**YOUR OBJECTIVE:** The reply is to contain the full listing, repeated exactly, with pictures left out.

**COLLECTED DATA:**

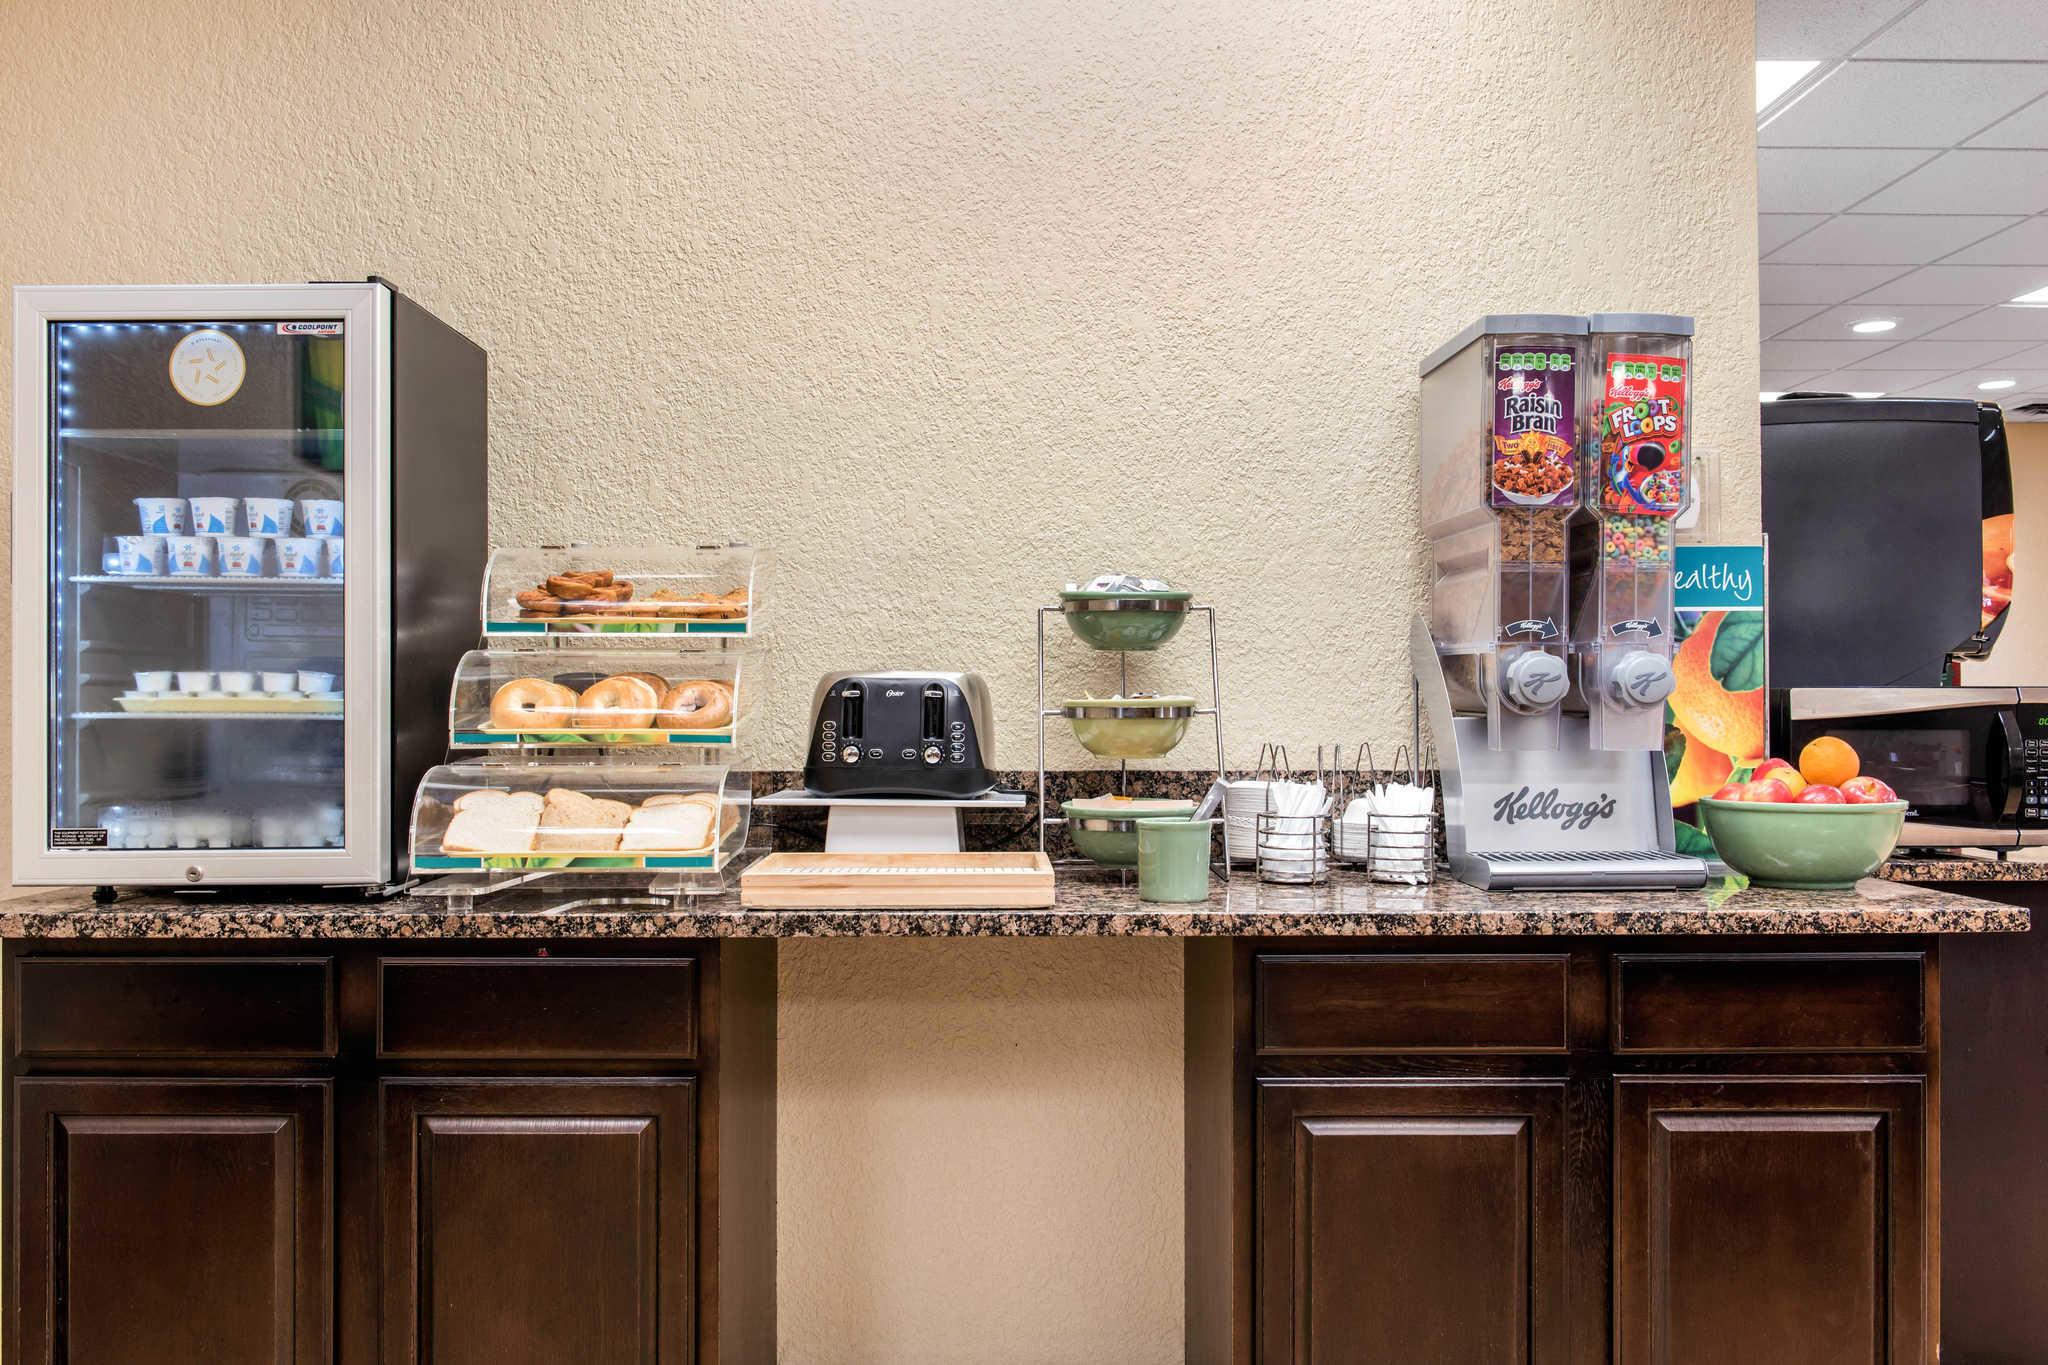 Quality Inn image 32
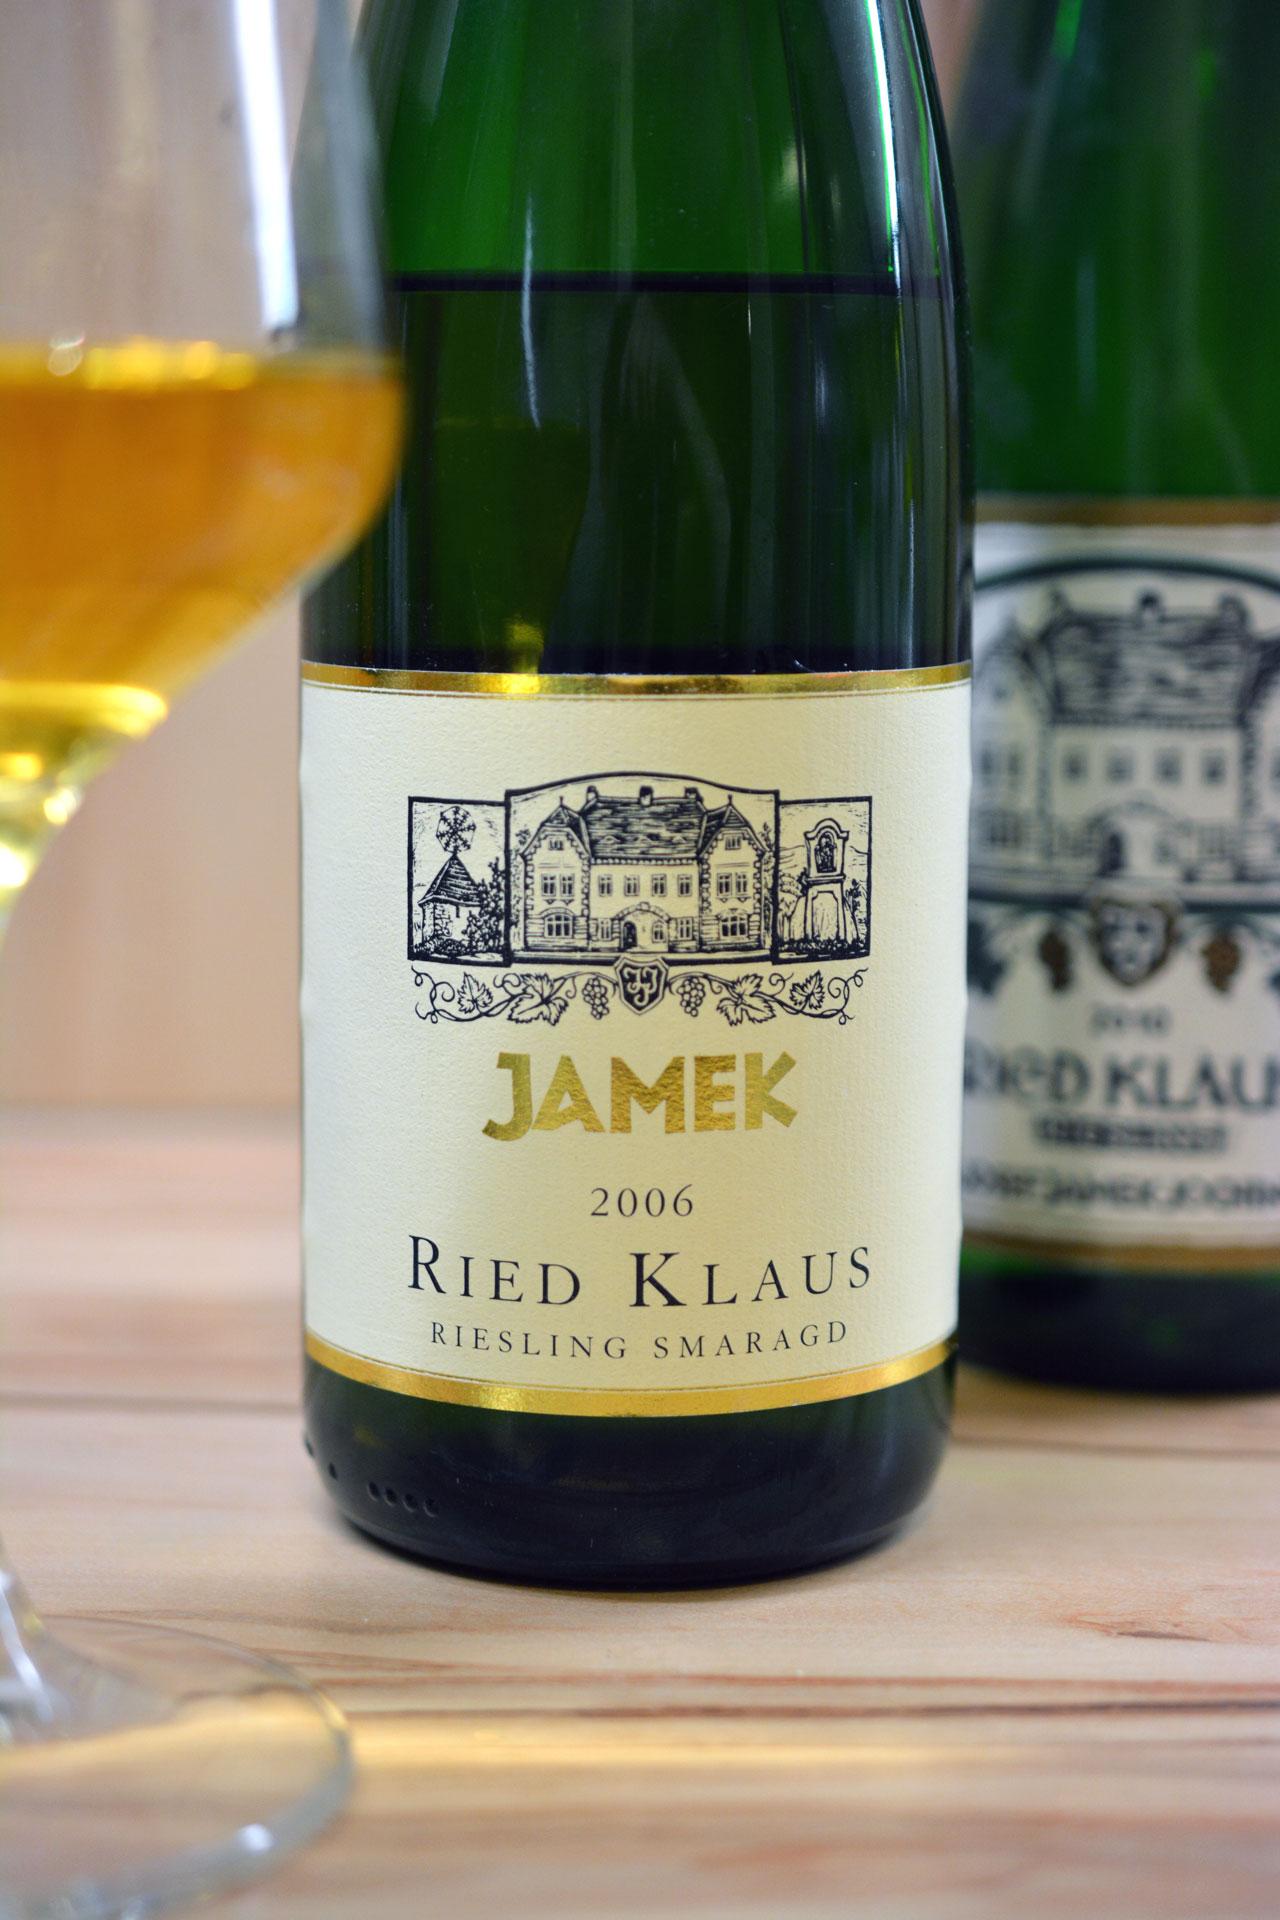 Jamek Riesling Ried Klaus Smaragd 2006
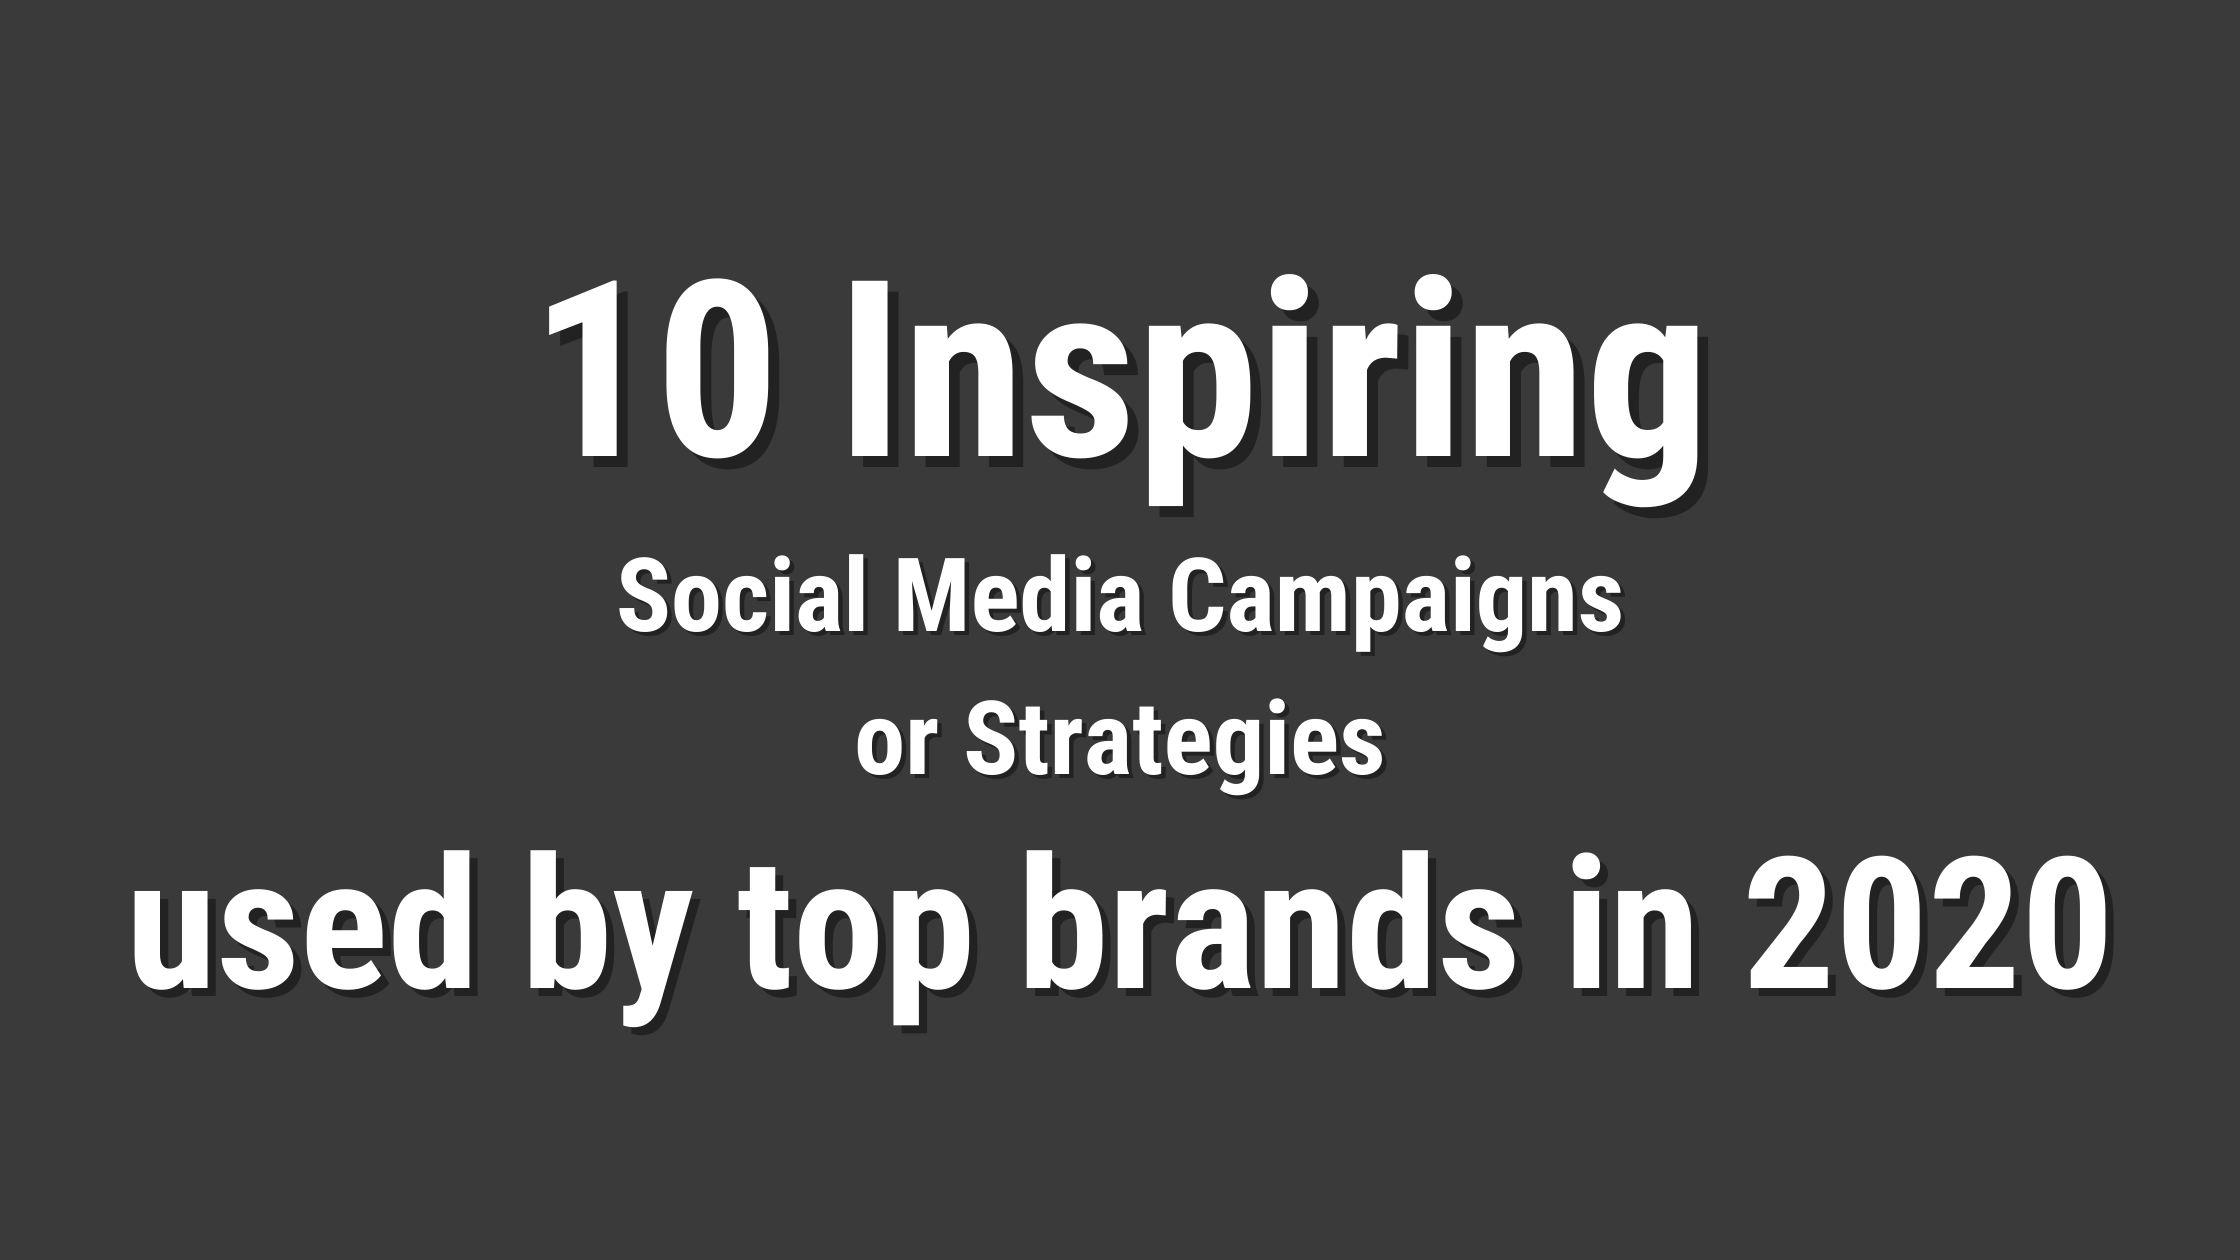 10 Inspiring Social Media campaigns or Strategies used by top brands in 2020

**WRITTEN RESPONSE:**
 Quality Inn image 32
 Jamek Riesling Ried Klaus Smaragd 2006
 10 Inspiring Social Media campaigns or Strategies used by top brands in 2020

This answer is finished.